In /project/microbiome/data/seq/psomagen_17sep20_novaseq2/coligoISD, there are 16S and ITS directories for all projects. These contain a file named coligoISDtable.txt with counts of the coligos and the ISD found in the trimmed forward reads, per sample. The file run_slurm_mkcoligoISDtable.pl has the code that passes over all of the projects and uses vsearch for making the table.


These steps can be repeated by individual users with different input data and vsearch options, as desired. Please see below for instructions with examples.


Next steps for individual users and projects

The notes below have not been updated to parallel the steps taken above (analysis updated 20 March 2021). Some parts of the next likely apply and are still correct. More up-to-date documentation and suggestions are in Bioinformatics v3.0

The next tasks each user will need to perform are QC of the data, generation of taxonomic hypotheses for ESVs/OTUs, identification of those ESVs that are the synthgene and coligo and combining data for those ESVs sensibly, and finally statistical analysis. We will go through each of these tasks below and provide some guidelines. We also provide a few tips for those new to bioinformatics. For the experienced users, we will need to work together to help folks that are new to the game.

Basic info for those who are new to bioinformatics

If you are new to bioinformatics and much of this page is unintelligible, then do not fear. Please talk to those in your lab with experience. If you want to do bioinformatics yourself, great! There is a learning curve, so be patient. It is best to start with basic Linux use because to do much of anything with sequencing data it is important to know how to operate in the Linux environment. One can google around and find various tutorials for the basics. Much useful info regarding Teton use has been collated by the Data Science group at UWYO in a Knowledge base.
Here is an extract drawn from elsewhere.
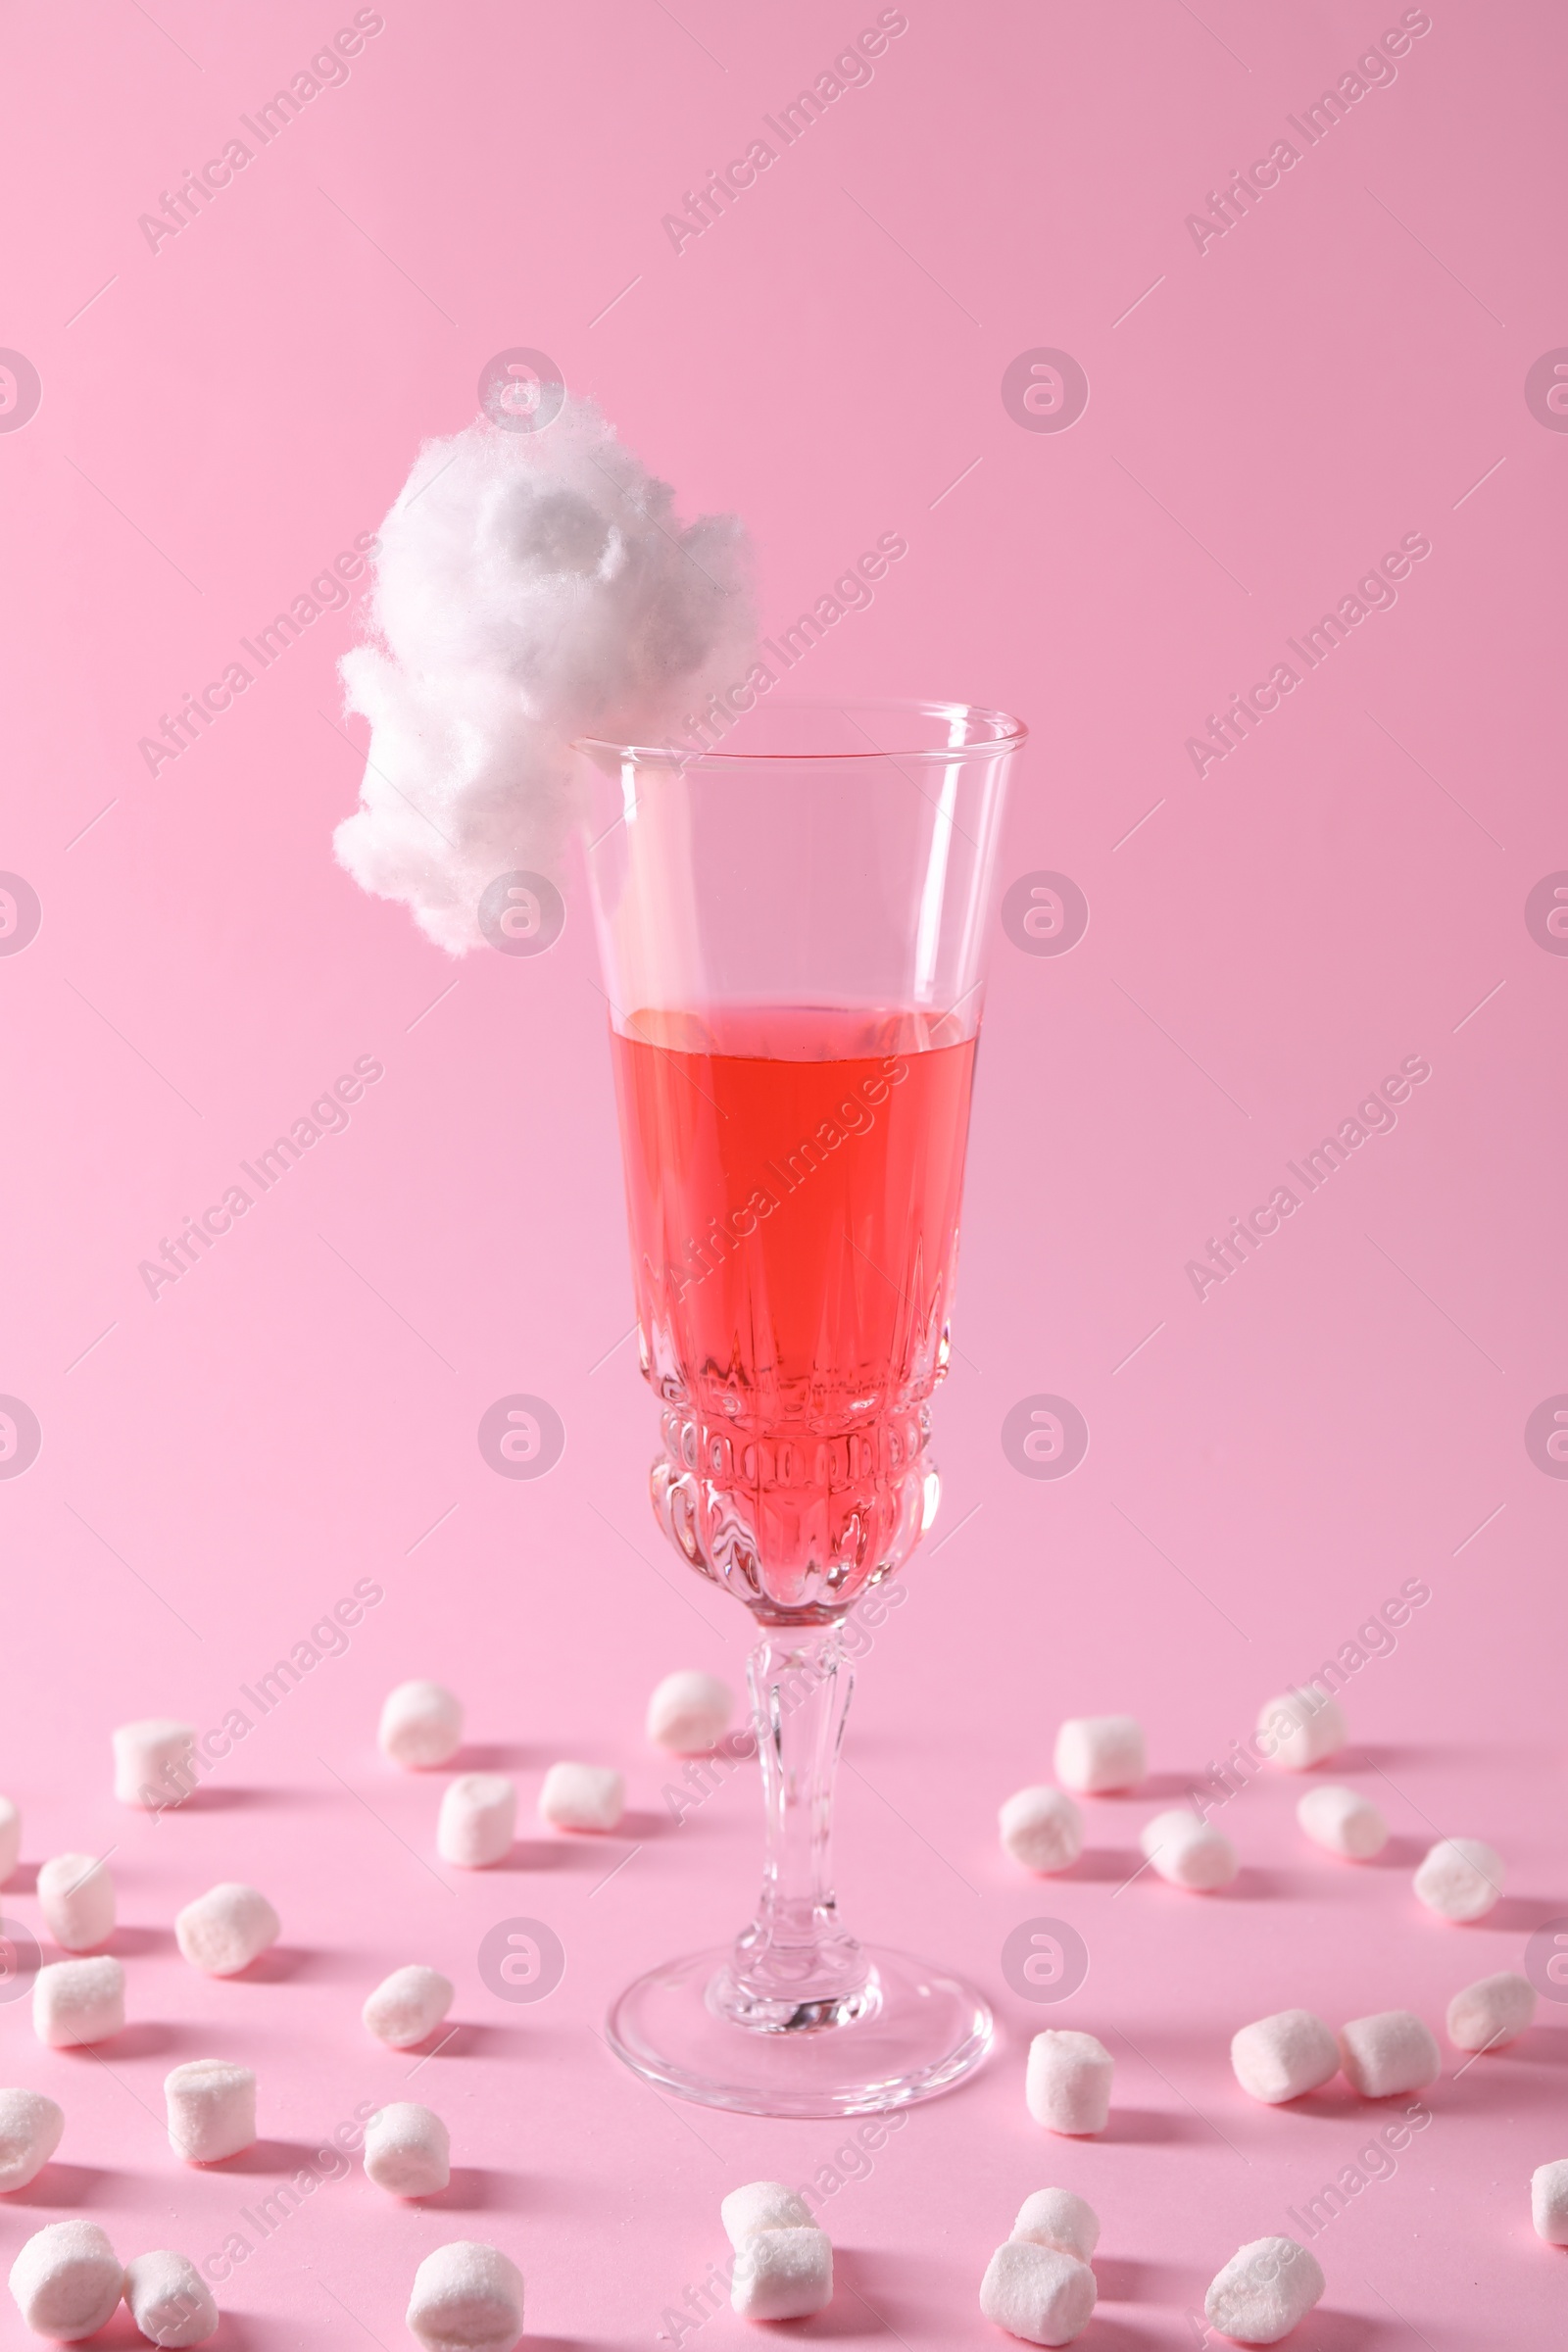 Photo of Tasty cocktail in glass decorated with cotton candy and marshmallows on pink background

Also see the ARCC wiki for Teton.

Please consult these resources and figure out the basics of using Teton. You will need to know how to operate in Linux to work on Teton.

Best practices

To avoid wasting a large amount of disk space and potentially causing other problems please do not copy the raw fastq files to your scratch or home directories on Teton. If you want to use them, then do so while leaving them in place (see below for an example) and do not keep intermediate files. However, please feel free to copy OTU tables and work on your data as you see fit.

It is very easy to get confused when doing bioinformatics. One makes tens to thousands of files and has to keep them all organized. It is ideal to copy all one's commands to a digital notebook. This may seem onerous, but it will save time in the long run. This will be particularly helpful if you need to ask someone for help. It is very challenging to provide bioinformatic advice when it is unclear what has been done.
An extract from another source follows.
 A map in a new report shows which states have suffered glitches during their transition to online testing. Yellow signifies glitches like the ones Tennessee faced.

Explanation of files in your project folder

If one navigates to /project/microbiome/data/seq/ one will find folders labeled psomagen_date, where date corresponds with the date we received data from Psomagen.

Inside those files one will find these folders: otu rawdata tfmergedreads

otu - contains otu tables for either 16s or ITS organized by project (project names are user provided). Inside the project specific folder, one will find “chimera_out.fa” and “zotus_nonchimeric.fa”, “uniqueSequences”, “zotus.fa”, and “otutable”.

“Chimera_out.fa” - are chimeric sequences

“zotus_nonchimeric.fa” are non-chimeric ESVs. If you want to do something with the ESV sequences use this file.

“uniqueSequences” are all the unique sequences in the project.

“zotus.fa” has ESVs (which usearch refers to as Zotus), these differ from unique sequences slightly in that some low frequency sequences contained in “uniqueSequences.fa” will not be included in “zotus.fa”.

rawdata - contains raw data and scripts used to parse them (see above).

tfmergedreads - contains trimmed, filtered, merged reads. Note that we are not currently trimming reads, though one could do this if desired. Within this folder one will find folders labeled 16S or ITS and inside them will be fasta files labeled by sample name, MID, user and project name. These reads were processed as described by Alex earlier on this page. One can extract filtering and merging statistics from the file, “all_filtermergestats.csv”. This file includes a row for each file. The first field contains the file name, the second field should be an integer and tells how many reads were in the file originally, third field is how many reads were left after merging, fourth field is how many reads left after filtering.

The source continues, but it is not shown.